Also importantly, these spatial considerations are agnostic to clinical anchors such as SOZ or EZ. Two properly-concordant IED fields may concur with a false localization. Likewise, if confronted with two discordant IED fields, additional data are required to know which (if either) field provides the correct localization. These spatial considerations also do not hinge on localization by imaging studies. For example in unifocal epilepsy, a brain imaging study may disclose a non-localizing (or non-specifically localizing) focus, a localizing focus discordant to the EZ, a localizing focus concordant to the EZ, or no focus at all. A conceptually clear set-theoretic terminology for describing IEDs and other localizing phenomena in space will help guide future investigation into important questions of REM's ability to triangulate epileptic foci by providing a clean classification framework within which to intuitively and simultaneously convey new findings on size, location, and concordance. Such a framework may also be applied to ictal phenomena, other sleep-wake states aside from REM, and to any general situation dealing with source localization.

Limitations

Our quantitative analyses were limited due to a small number of studies, some with small sample sizes. Due to a lack of per-patient data, we had to exclude certain otherwise pertinent studies from quantitative analyses. Among studies quantitatively analyzed, methodologies were heterogeneous, limiting the precise numerical validity of some of our results and precluding the possibility of a rigorous statistical meta-analysis. Heterogeneous approaches and terminologies also occasionally required re-interpretation of originally reported data to extract the pertinent spatial and localizing information required for our study. Given the need for re-interpretation, it is impossible to rule out the inadvertent exclusion of a few tangentially-pertinent articles with data potentially amenable to substantial re-interpretation; however, to mitigate this, we assigned multiple authors to review the literature and enhance objectivity. Of studies included in our review, most reported only lateralization, not localization per se. Lateralization is generally the least specific method of spatially triangulating the EZ (Figure 2) and is thus a less rigorous measure of assessing localizing performance. There is also a possibility of publication bias in favor of preferentially reporting instances in which REM was clinically useful, especially in case studies and other works with small sample size.

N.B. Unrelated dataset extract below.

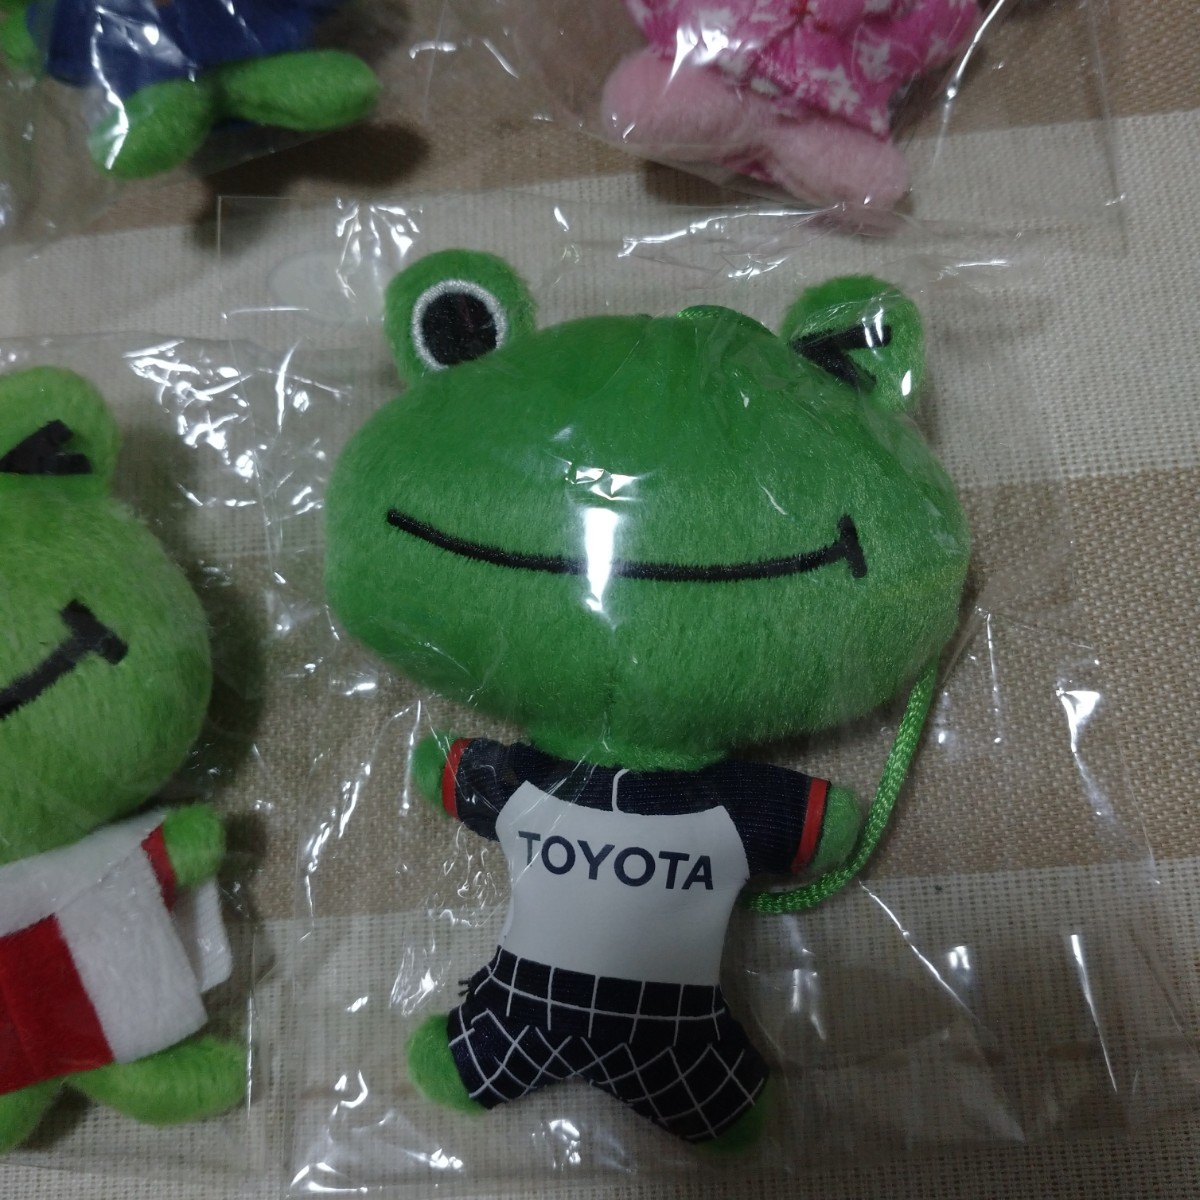 TOYOTA frog マスコット セット グッズ コレクション トヨタ ロゴ 非売品 ノベルティ 限定 カエル limited mascot collection character ⑦_画像5
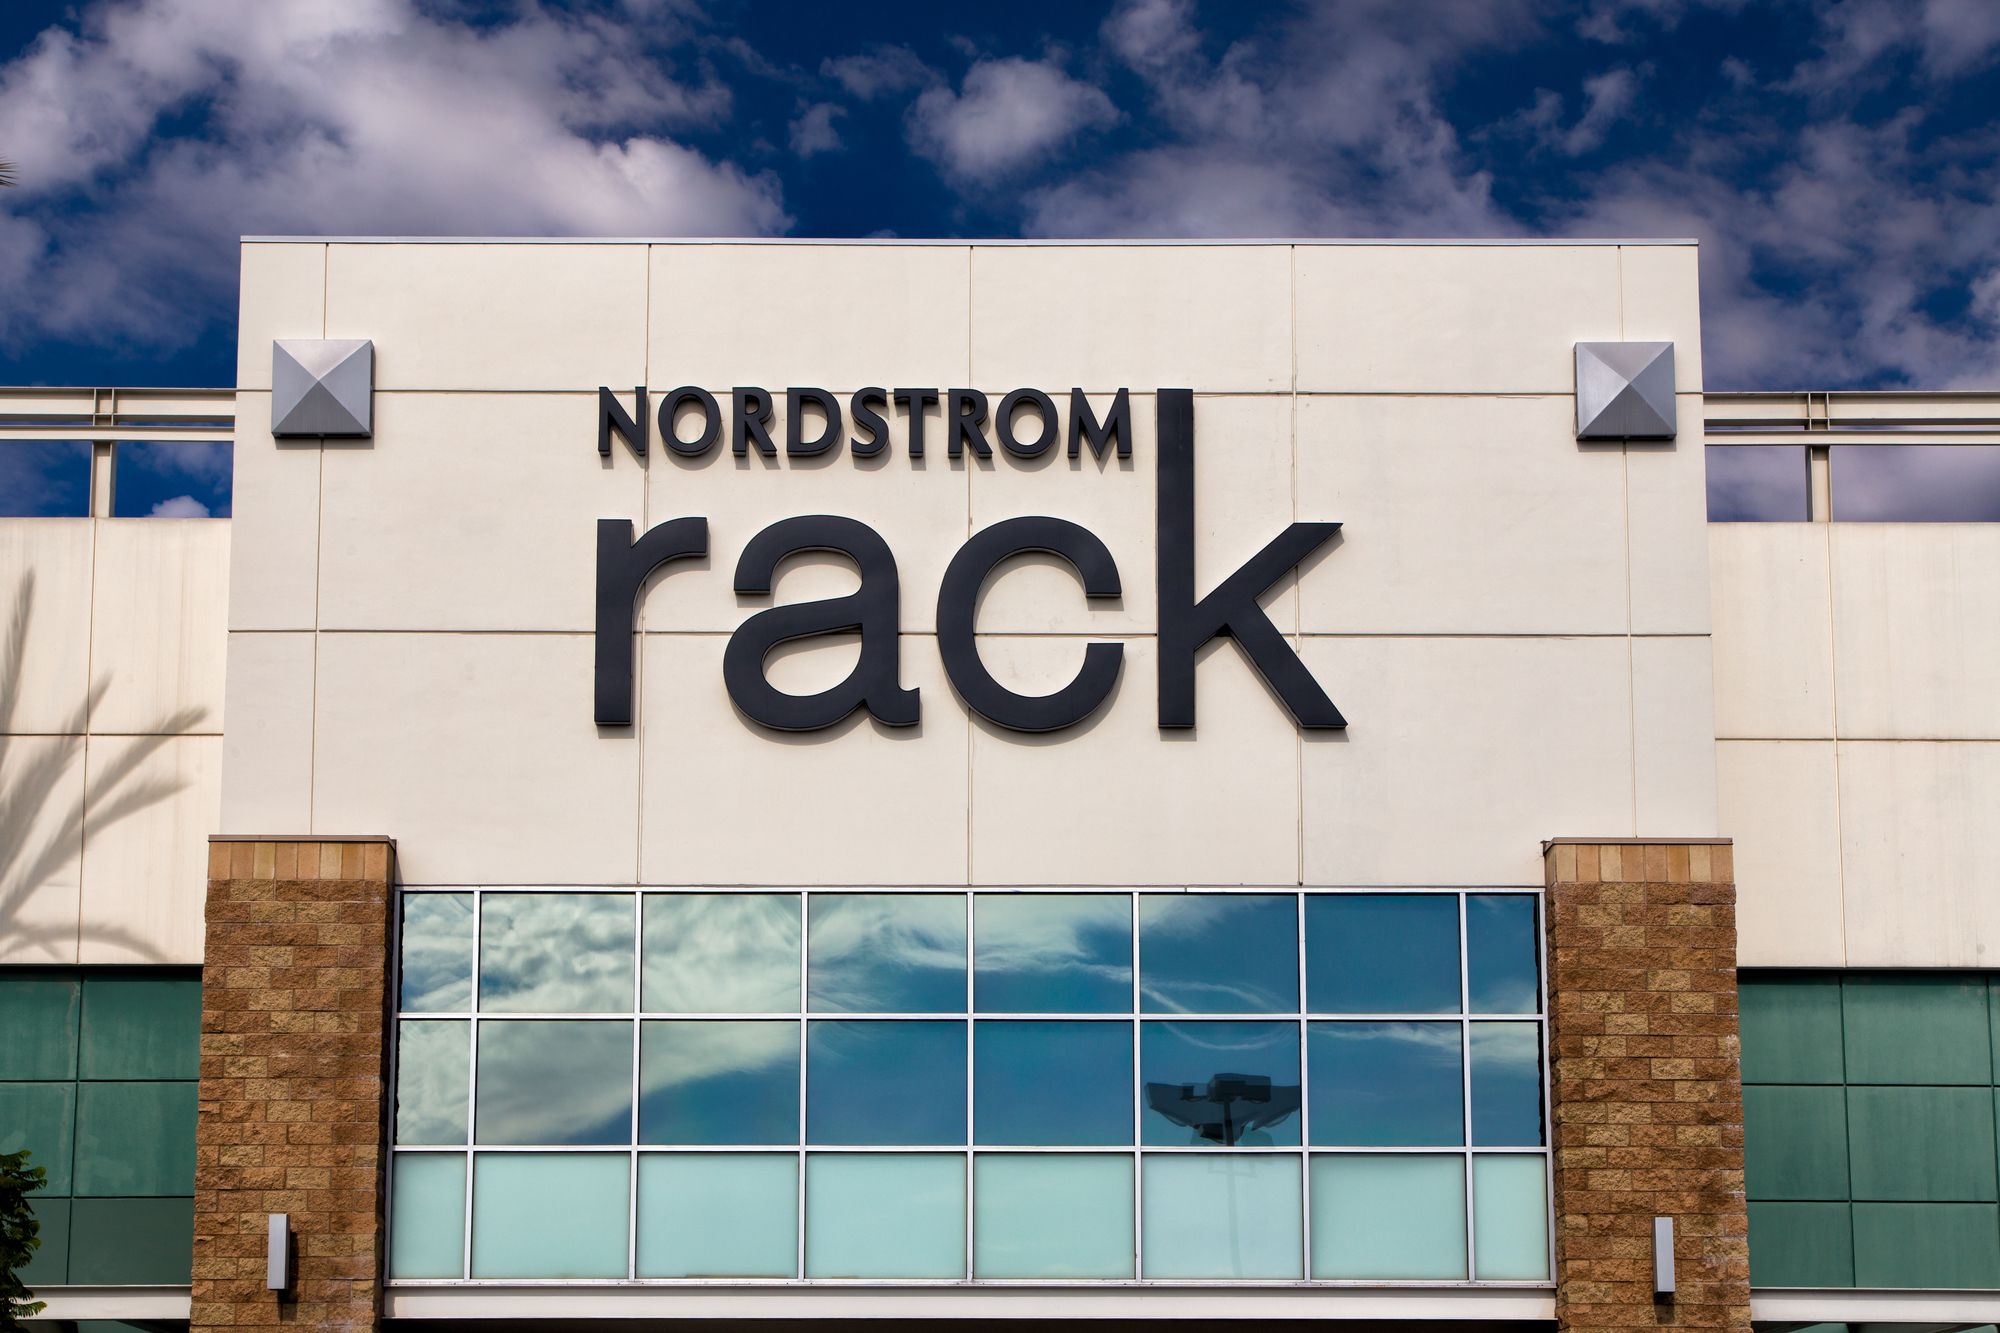 Nordstrom overcharged customers

Where quantitative analysis was possible, we chose to weight each study equivalently rather than each patient equivalently. This has the upside of preserving the signal of certain recent works with small sample size but rigorous methodology (26); however, it may also generally over-weight findings from smaller studies. Further, comparisons between sleep-wake states may be unfair when there are different amounts of studies for different states, e.g., REM (4 studies) vs. NREM (3 studies) vs. wakefulness (2 studies) in localizing the EZ as arbitrated by post-operative seizure freedom, and in predicting post-operative seizure freedom. Nonetheless, despite these limitations and to the best of our knowledge, this is the first work to systematically characterize across multiple studies the important intriguing question of the localizing value and spatial attributes of epileptic phenomena in REM. In general, methods to improve the yield of interictal localization remain urgently needed, and we hope to further illuminate REM's important role.

Conclusion

In this paper, we have systematically reviewed, and quantitatively analyzed whenever possible, the literature on REM's ability to localize the SOZ and EZ in human epilepsy patients. We found that REM's localization outperformed that of any other sleep-wake state, and that, in some patients, REM can shrink the IED field and/or introduce new spatial coordinates to the IED field to render a unique localization that is often more helpful than not. In our extensive review, we were often confronted with the fact that the localizing value of changes in IED field size and location can only be truly assessed by incorporating further considerations aimed at delineating EZ concordance. Therefore, to accurately and efficiently describe surprisingly tricky spatial relations between two IED fields, such as those from two sleep-wake states, we introduce a simple, easy-to-use, and conceptually clear set-theoretic framework. We hope that adoption of this framework will streamline and accelerate future discussion and research on the basic mechanisms and clinical applications of the fascinating anti-epileptic properties of REM.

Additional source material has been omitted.